*Data block*
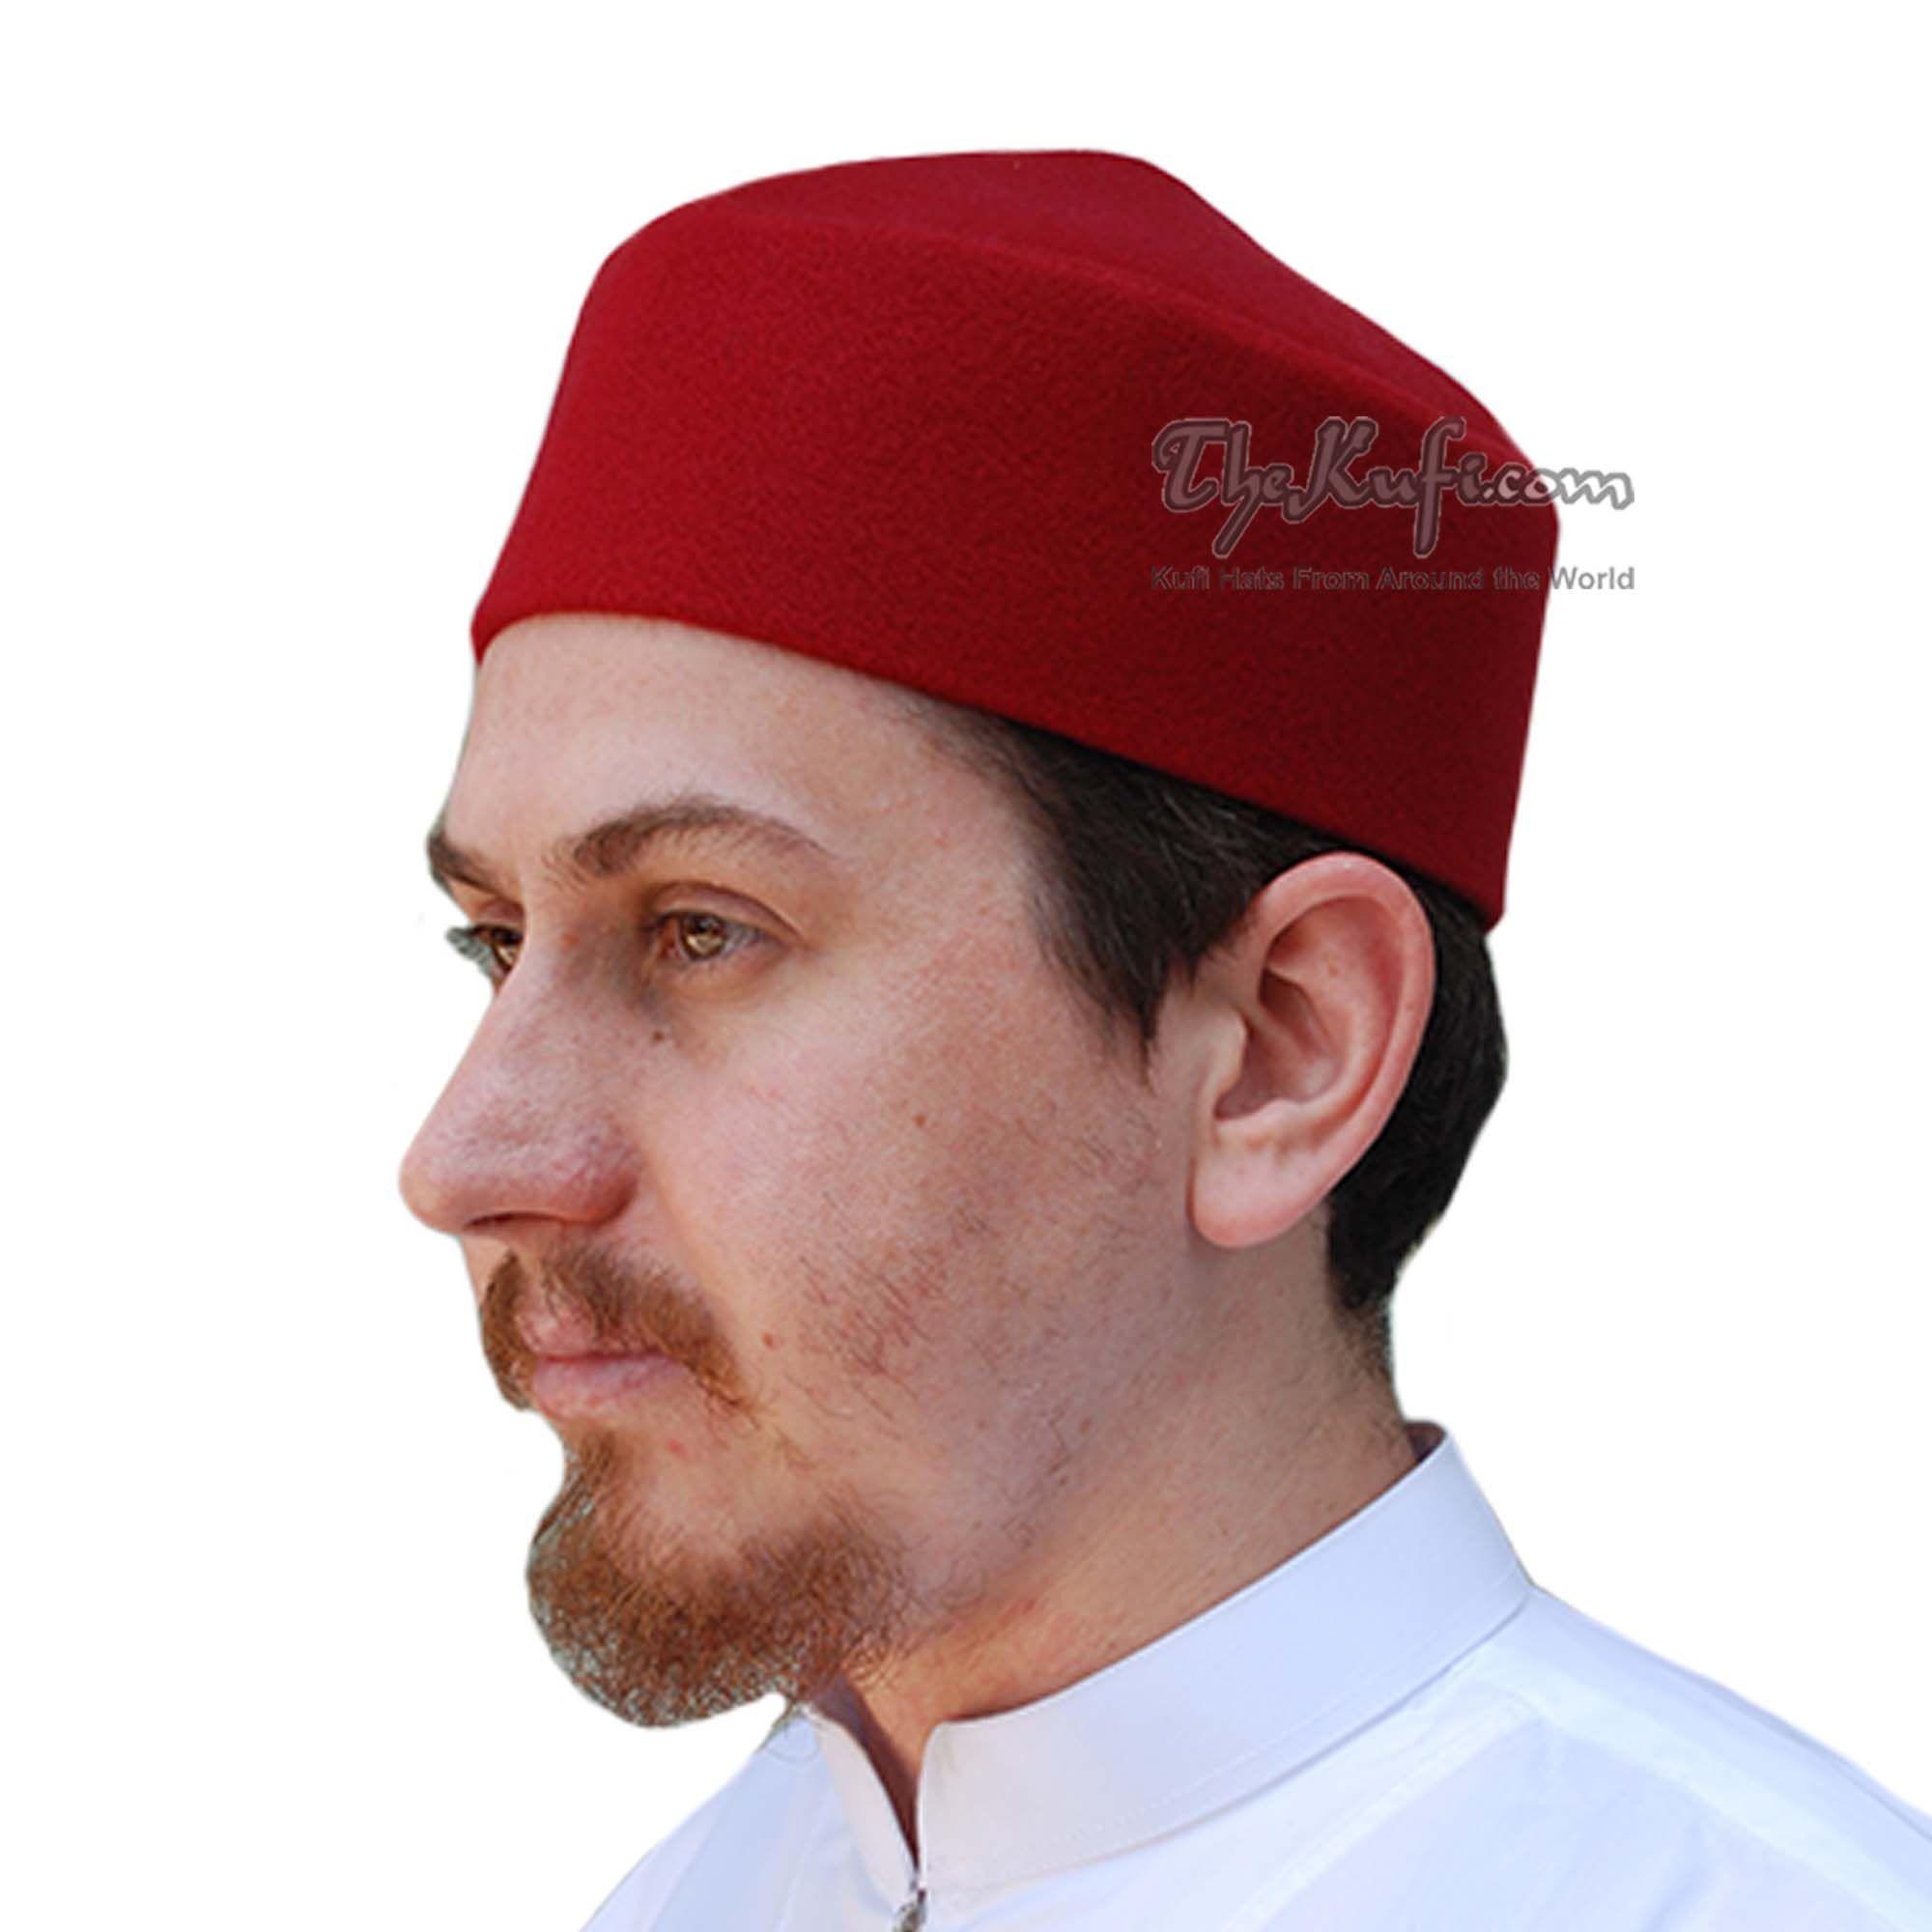 Thekufi Handmade Pointed Top Maroon Faux Felt Kufi Thekufi Hats For Sale Faux Maroon
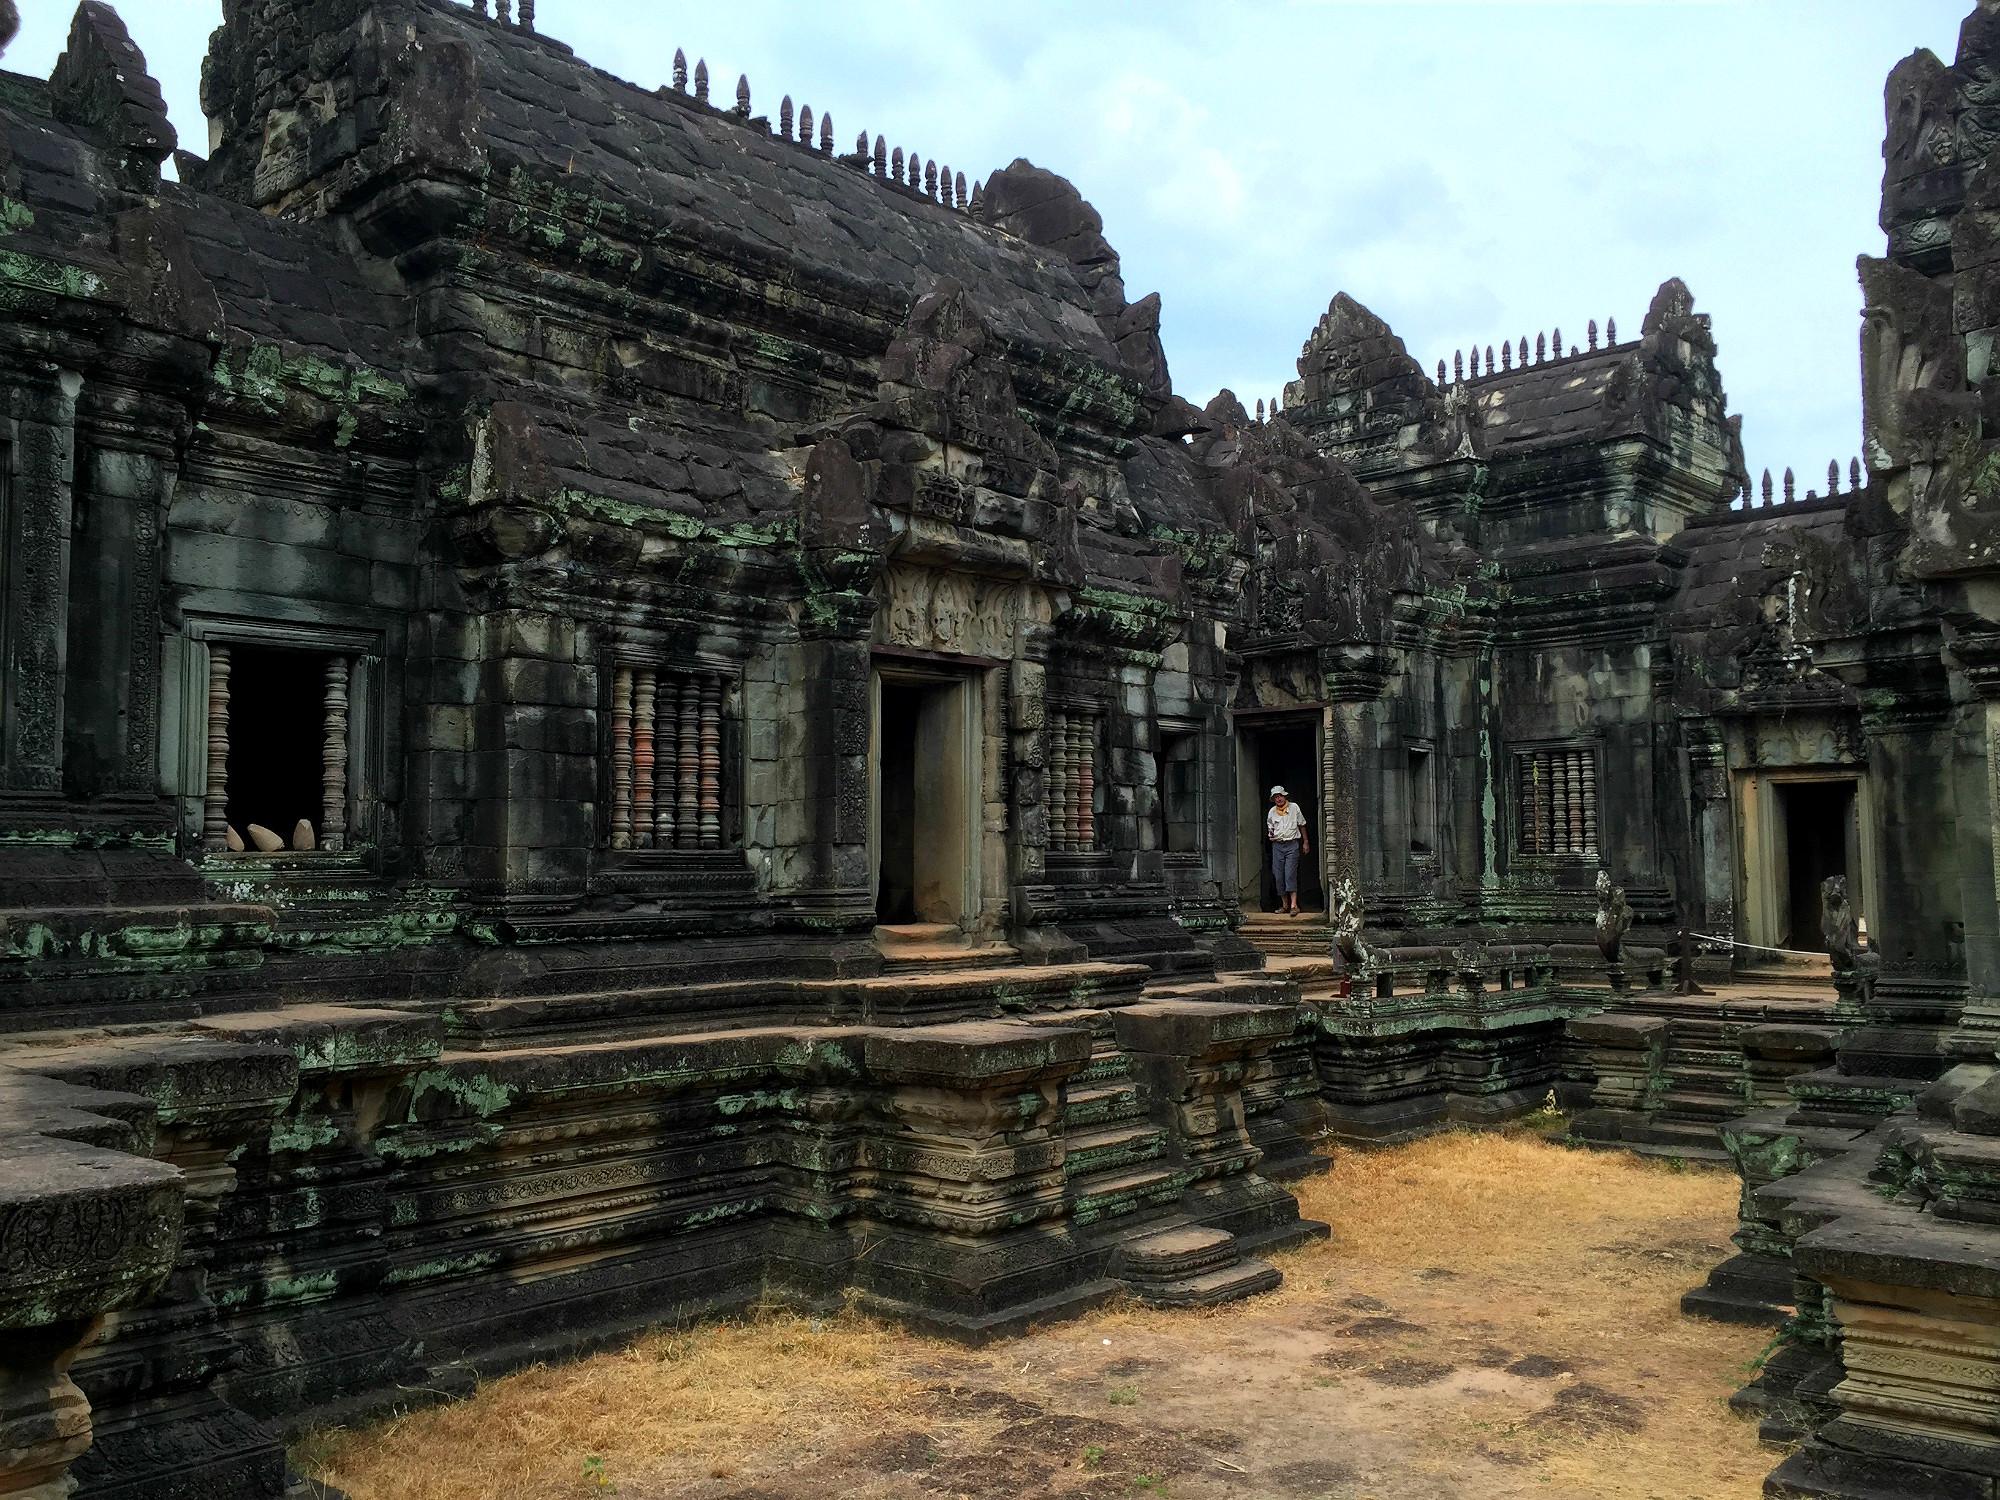 Angkor Temples Siem Reap Cambodia
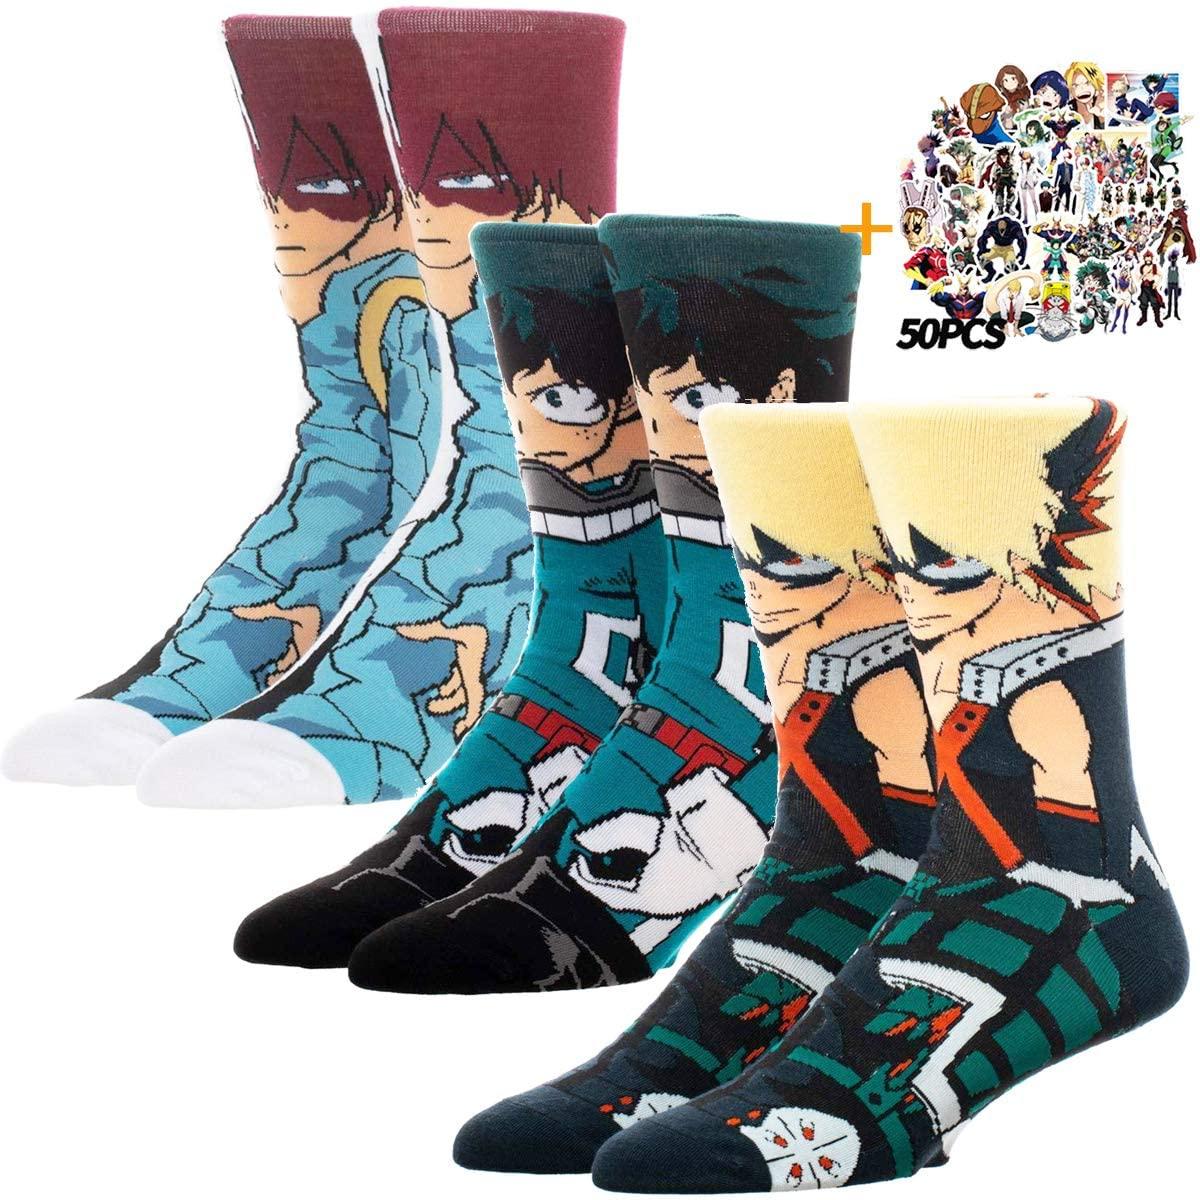 My Hero Academia Character Socks Izuku Katsuki Shoto Todoroki Cosplay Socks Women & Men's (Izuku+Katsuki+Todoroki)

*Task*
Write the lines from the one containing "Angkor Temples Siem Reap Cambodia" through the end of the data above exactly as they appear, and do not carry over any picture.

*Solution for this task*
 Angkor Temples Siem Reap Cambodia
 My Hero Academia Character Socks Izuku Katsuki Shoto Todoroki Cosplay Socks Women & Men's (Izuku+Katsuki+Todoroki)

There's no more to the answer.